For centuries the agretti have been used in the kitchen. But in the past this ancient plant was much more than a simple vegetable: the agretti were used to extract natural sodaA fundamental component in the production of glass and soap. In particular, in the Venice of the Renaissance The soda of the Agretti was used for the production of the precious Murano glass.

This is a real spring recipe Because the agretti are available only for a short time of the year, From March to May. This makes Agretti a spring vegetable very appreciated and often awaited by lovers of the seasonal cuisine.

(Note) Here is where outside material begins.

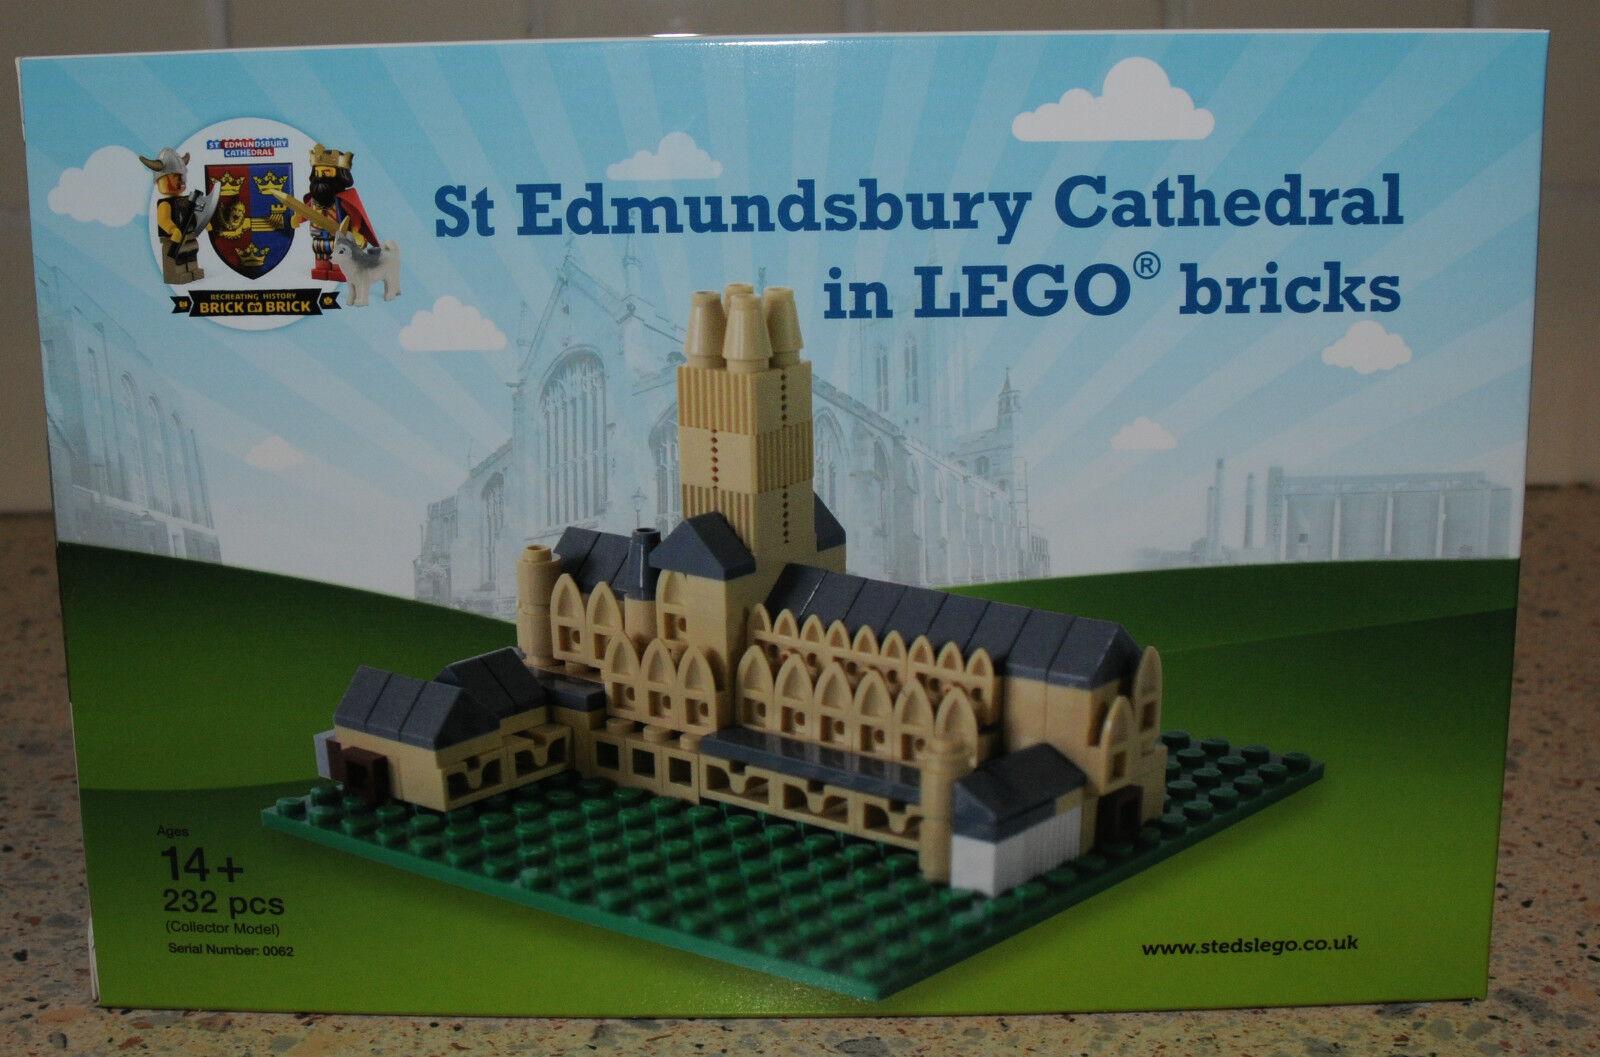 RARE BRILLANTI mattoni Ltd Edit LEGO ST edmundsbury Cattedrale KIT - 1 di solo 500

In the risottothe agretti give one herbaceous note Interesting: to enhance its flavor, we will use a chopped part of it to mix with the creaminess of the dish and a small full tuft for a decorative touch And crunchy.

AND advise? For a tastier version of the risotto with the agretti you can add some anchovy fillets in the sauté or a sprinkling of lemon zest grated before serving. In addition, those who want a more creamy touch can replace part of the butter with a spoonful of Robiola or Stracchino during the cantamenting phase.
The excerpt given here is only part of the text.